Macroscopic as well as microscopic evaluations on upper part of GI tract in particular in the gastric segment confirmed the effectiveness of colonic targeting of ibuprofen (Figure 2, Figure 3 and Figure 5). Symptoms of GI tract ulceration were not observed in group treated with this preparation. This result clearly explains the benefit of avoiding direct contact of ibuprofen with the upper part of GI tract. Meanwhile, the disappearance of GI tract ulceration in group treated with oral suspension of mesalamine confirmed other reports that as an amino-salicylate derivative, mesalamine rarely causes gastric ulcer [29] [30] .

5. Conclusion

Taken together, results of present study suggest that ibuprofen targeted to be released in the colonic compartment shows dual potential benefits, which are preventing the development of GI tract ulcer and at the same time relieving the consequences of inflammatory reaction.

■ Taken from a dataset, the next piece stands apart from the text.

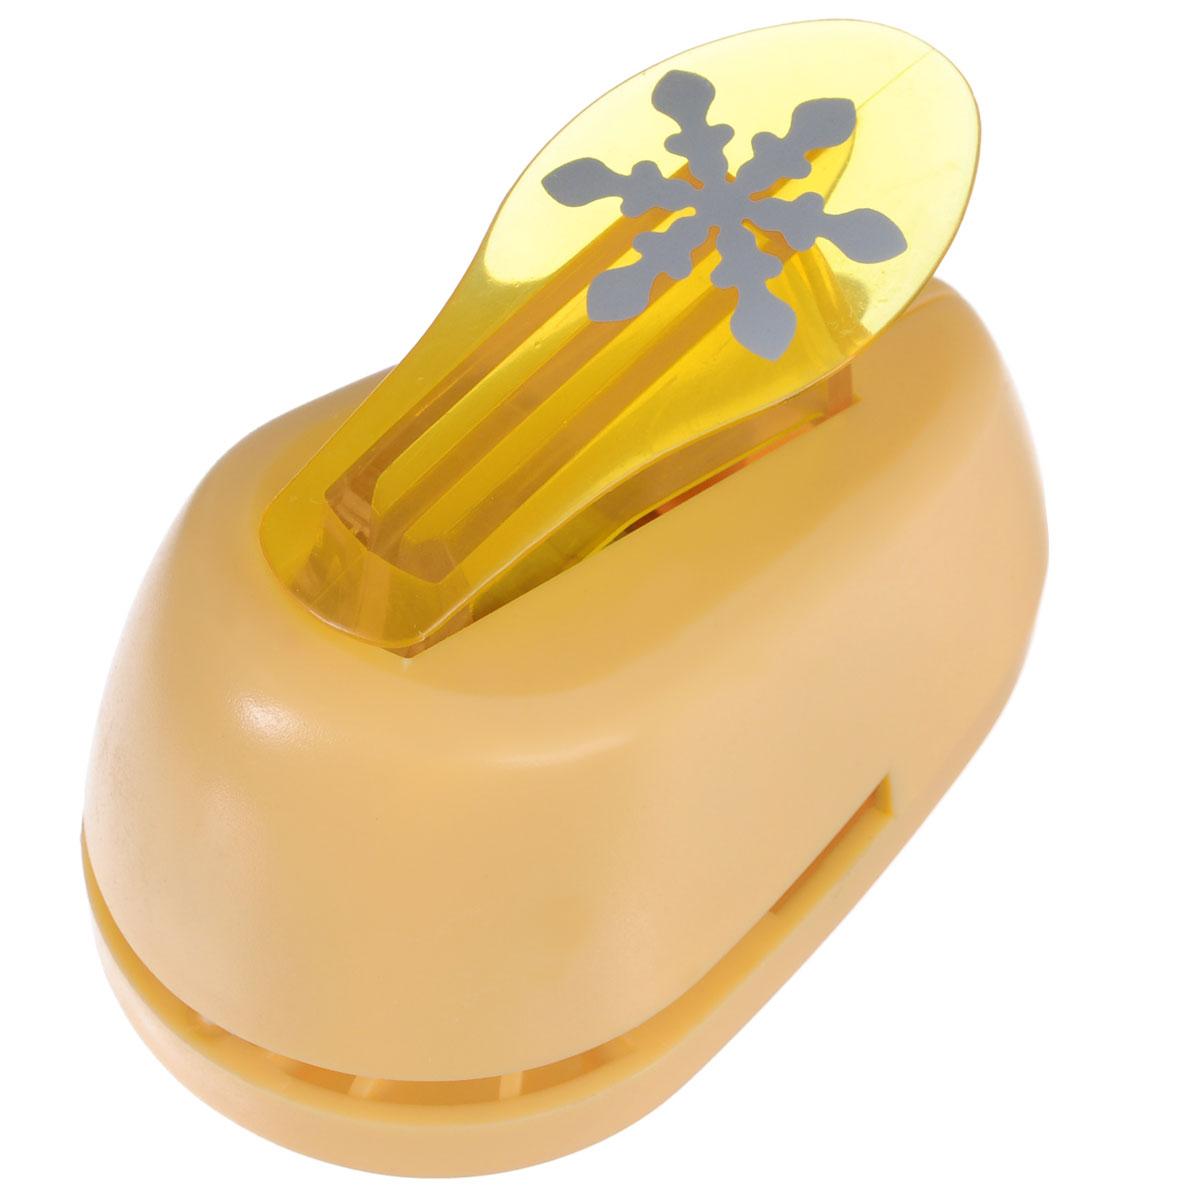 Дырокол фигурный Hobbyboom Снежинка, цвет: желтый, №203, 2,5 смFS-00102Дырокол фигурный Hobbyboom Снежинка, выполненный из прочного пластика и металла, используется в скрапбукинге для украшения открыток, карточек, коробочек и прочего.Применяется для прорезания фигурных отверстий в бумаге в форме снежинки. Вырезанный элемент также можно использовать для украшения.Предназначен для бумаги плотностью от 80 до 200 г/м2. При применении на бумаге большей плотности или на картоне, дырокол быстро затупится. Чтобы заточить нож компостера, нужно прокомпостировать самую тонкую наждачку. Диаметр готовой фигурки: 2,5 см.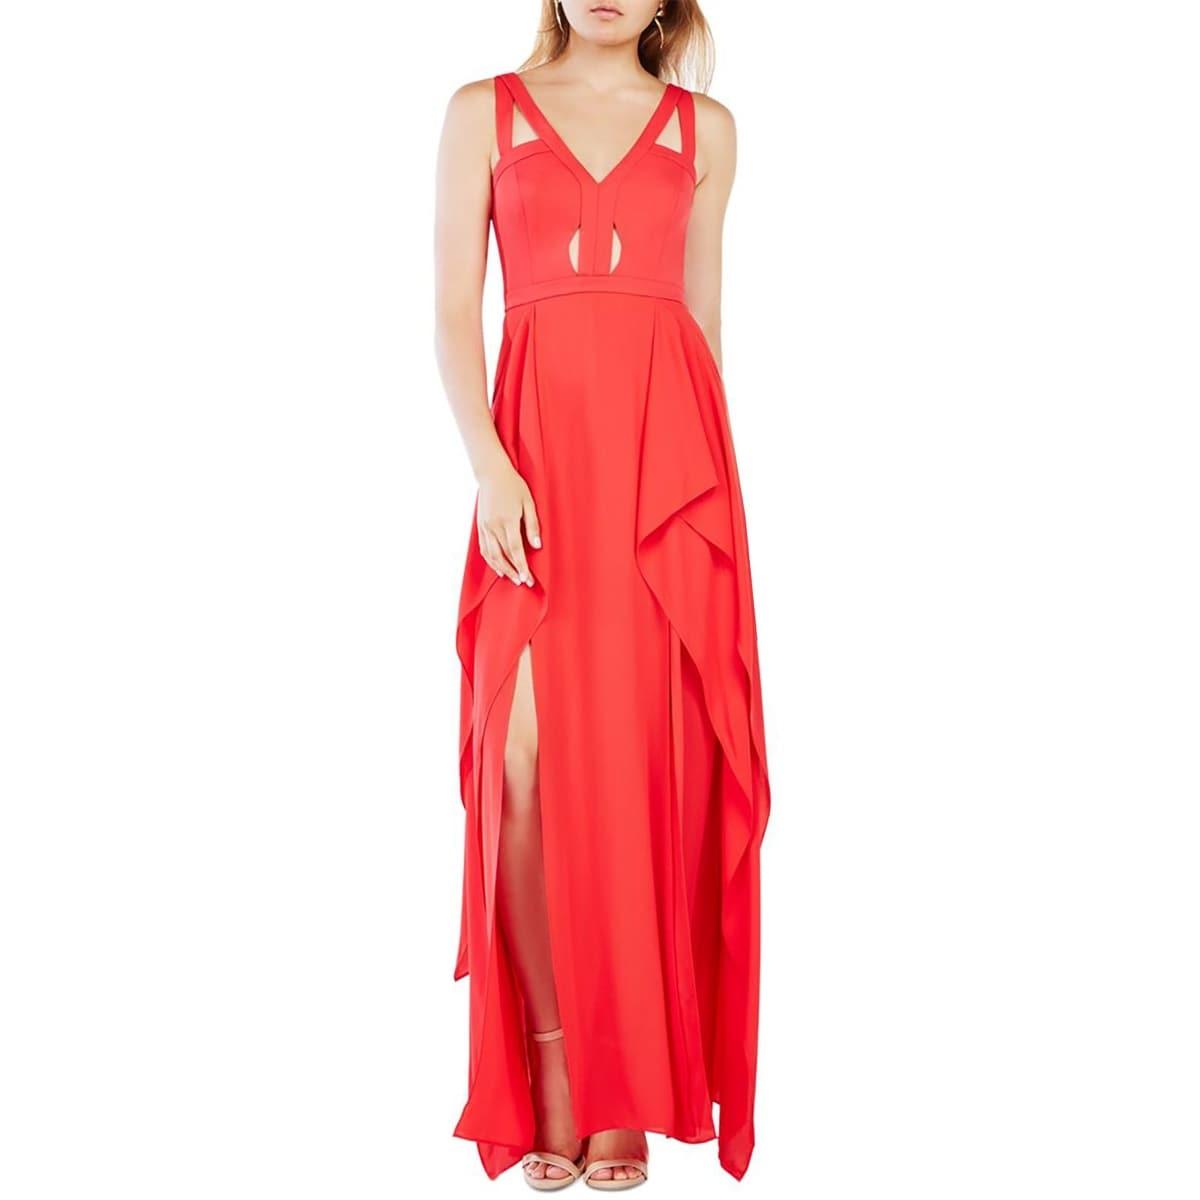 Shop BCBG Max Azria Womens Juliana Evening Dress Woven Cut-Out ...

The use of a combination of shellac and inulin to coat ibuprofen pellet is very effective in controlling the release of ibuprofen after oral administration. Due to the high site-specificity of this polysaccharide and their sensitivity to degradation by colonic enzymes, more effective anti-inflammatory action of ibuprofen was achieved, even better when compared to conventional oral delivery of mesalamin as a standard drug for ulcerative colitis. In summary, oral colon-specific delivery system of ibuprofen is a valuable method for the treatment of colon-related diseases such as ulcerative colitis.

Conflict of Interest

We wish to confirm that there are no known conflicts of interest associated with this publication and there has been no significant financial support for this work that could have influenced its outcome.


This study was financially supported by ITB research grant Indonesia, contract number: 848/I1.C03/PM/2012.